Tokyo Games witnessed the coming of age of India women hockey team. Photo - PTI/AP
Q: The Indian girls stunned Australia and then narrowly missed the bronze. How do you view this transformation?
A: The Indian women’s hockey team has been slowly getting better and although they don’t have the glitz the men’s team has, the girls have been getting better under the radar and not receiving the pressure the men’s team has been under. This has certainly helped them. Sjoerd Marijne has done an outstanding job and developed them into a serious contender for consistent top-six finishes.
Q: Dutch coach Sjoerd Marijne said the Indian girls now must be treated like the men. Equal exposure, more tournaments at home, a professional league …
A: I agree with that. The women players and administrators must push for this. I feel that for their continued growth, an Indian hockey league attached to the men would be vital for the continued success of the women’s team.
Q: Do you think a foreign support staff (both men and women) has helped Indian hockey grow in the last four-five years?

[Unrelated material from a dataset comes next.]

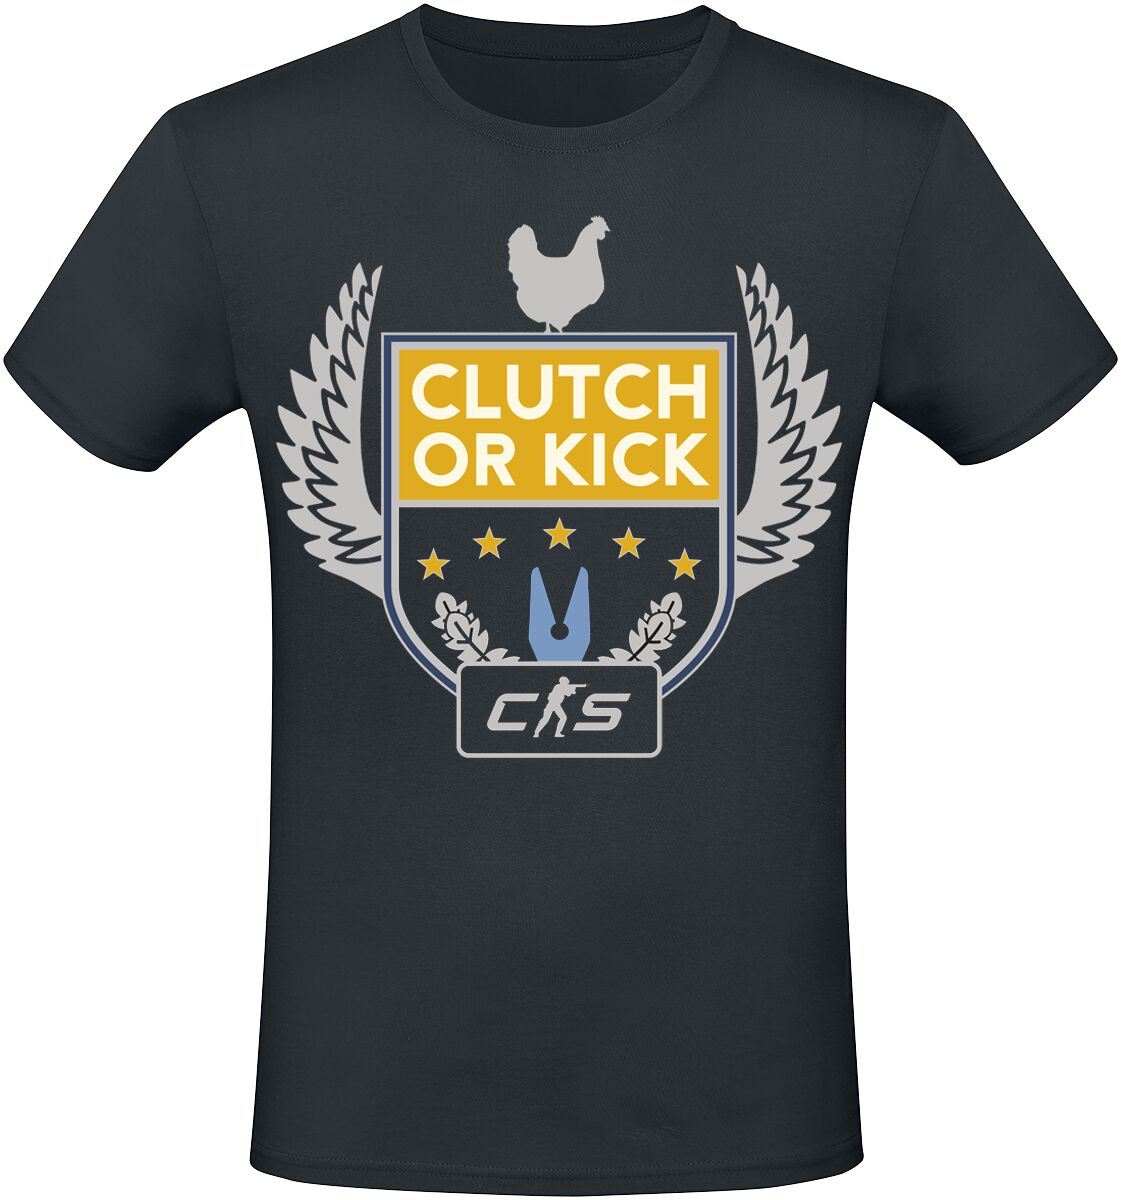 Counter-Strike - Gaming T-Shirt - 2 - Clutch Or Kick - S bis XXL - für Männer - Größe M - schwarz  - EMP exklusives Merchandise!

A: Absolutely, if you don’t think that is the case have a look at Pakistan. They have believed as soon as you are an Olympian you can coach. How has that worked out for them? They are equally as talented as the Indian players but that’s about it. There is poor coaching and way too much infighting (in Pakistan). There is no doubt that as time goes by, more and more former Indian players will press for a case to be the national head coach. That is as it should be, but now is a critical time and this team needs to press further ahead and it’s going to be even harder as there is not a lot between the top six teams in the world. One mistake and you know the rest.